Opinion varies on this, but why?  It really was a case of topic drift.

 
> > issue of how NTP shall be supported, so I've collected the relevant 
> > threads below.
> 
> > 
> > More generally, it's hopeless to expect the world's sysadmins to read 
> > NTP code (or any other kind of code).  They just don't have the time, 
> 
> Generally, you only need to read a small bit of code to answer this sort 
> of question, but if you haven't got the time you should pay someone who 
> does have the time.

It's simply not going to happen, especially for random small questions.  
They will just muddle through, and blame NTP.

Hiring outside help isn't just a money problem, it also requires much 
jumping through bureaucratic hoops, which is very time consuming, so it 
never makes sense for non-major issues.

 
> Historically, open source software was written for use by people who had 
> the ability to support it themselves.  Recently, the relationship has 
> become asymmetric with a lot of people wanting free software and free 
> support.  Whilst some open source software developers may consider it a 
> valuable loss leader to produce a naive user product and support it, may 
> even consider it part of their mission, most open source developers are 
> not that interested in donating that level of free support.

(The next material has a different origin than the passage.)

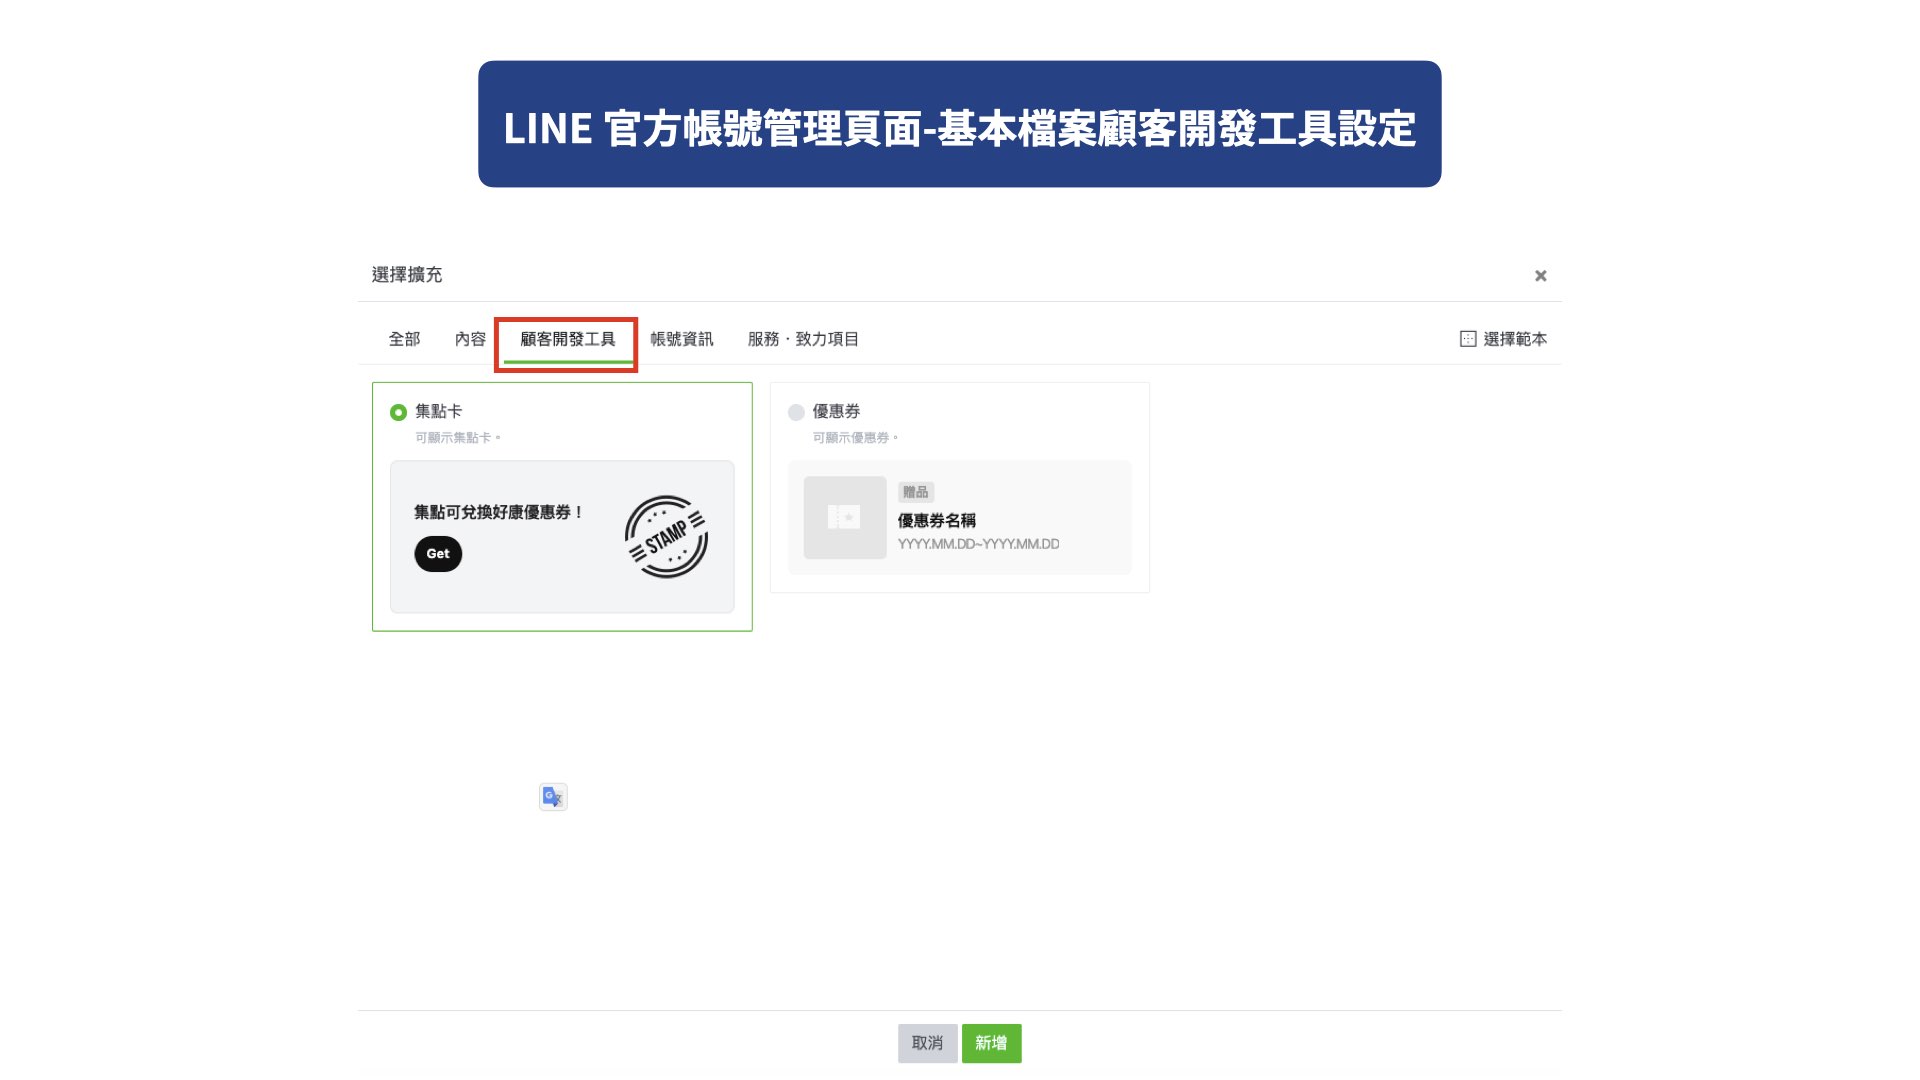 LINE 官方帳號管理頁面-基本檔案顧客開發工具設定

What price success?  Most open-source software would be happy to achieve 
1% of what NTP has achieved.  Only Linux is even in the running, but NTP 
far exceeds Linux.  Given the present scale, for which NTP and its 
community were never designed, what to do?  The single most effective 
thing the community can do is to write good documentation.  Yes, it's 
work, but it's by far the most effective thing one can do, and it's 
really the only practical approach given the immense size of the NTP 
user base.

By the way, when I started digging into the archived NTPv3 
documentation, it said that the peerstats status codes were defined in 
Appendix B of RFC-1305.  OK, I actually knew that. Then, I started 
looking for the corresponding NTPv4 documentation.  The NTPv4 RFC to be 
is innocent of the word "peerstats" and its status field, but the 
current online documentation (which is for NTPv4) at 
<http://www.eecis.udel.edu/~mills/ntp/html/monopt.html> also points to 
the same place in RFC-1305, so it appears that the status code 
definitions did not change.  Unless the documentation is in error.  

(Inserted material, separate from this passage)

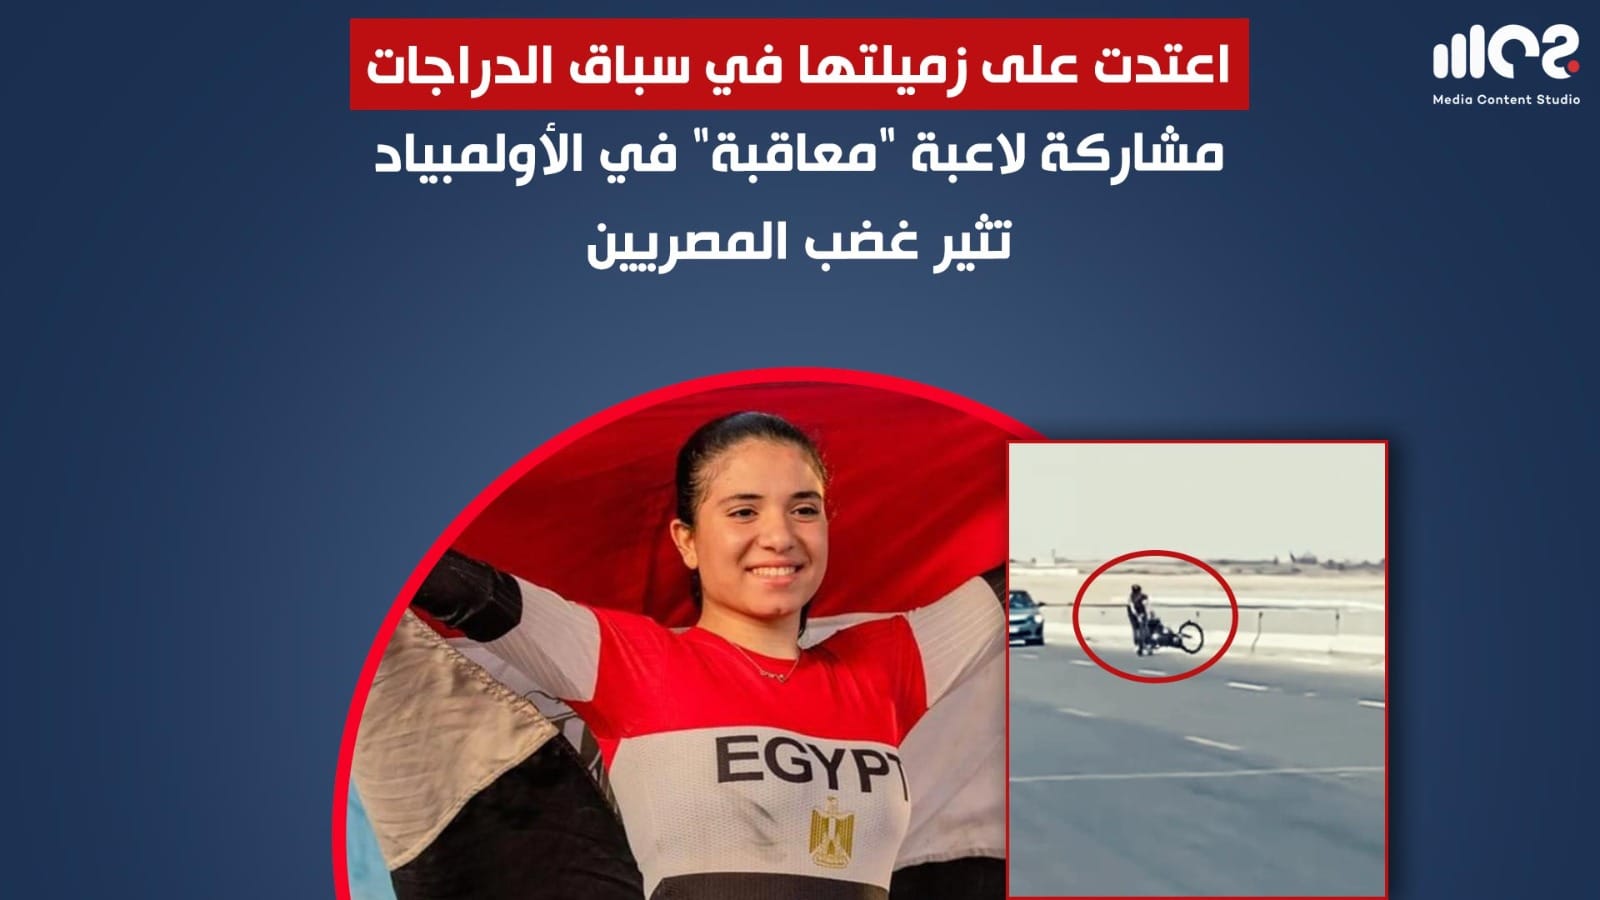 مشاركة لاعبة معاقبة في الأولمبياد تثير غضب المصريين

If so, the simplest global fix is to update the documentation.  As I 
said in the prior posting, it's a non-starter to try to require a 
hundred million people to either read the source code or pay someone to 
do it for them every time NTP throws an uncommon status code.  It just 
won't happen.  On scale alone, the NTP community would be overwhelmed 
with repeated trivial questions.

I'm reminded of the librarians in the town library when I was in high 
school.  There were lots of hand-written cards in the card file, placed 
there by the librarians when they got tired of hearing the same simple 
or silly question.


> Actually a lot of commercial software, these days, is dumbed down, 
> supported, open source material.

True.  But it can be amusing to figure out which one it is, and start to 
ask uncomfortable questions about how can they be better than free, 
especially if they reduced the usefulness of the code.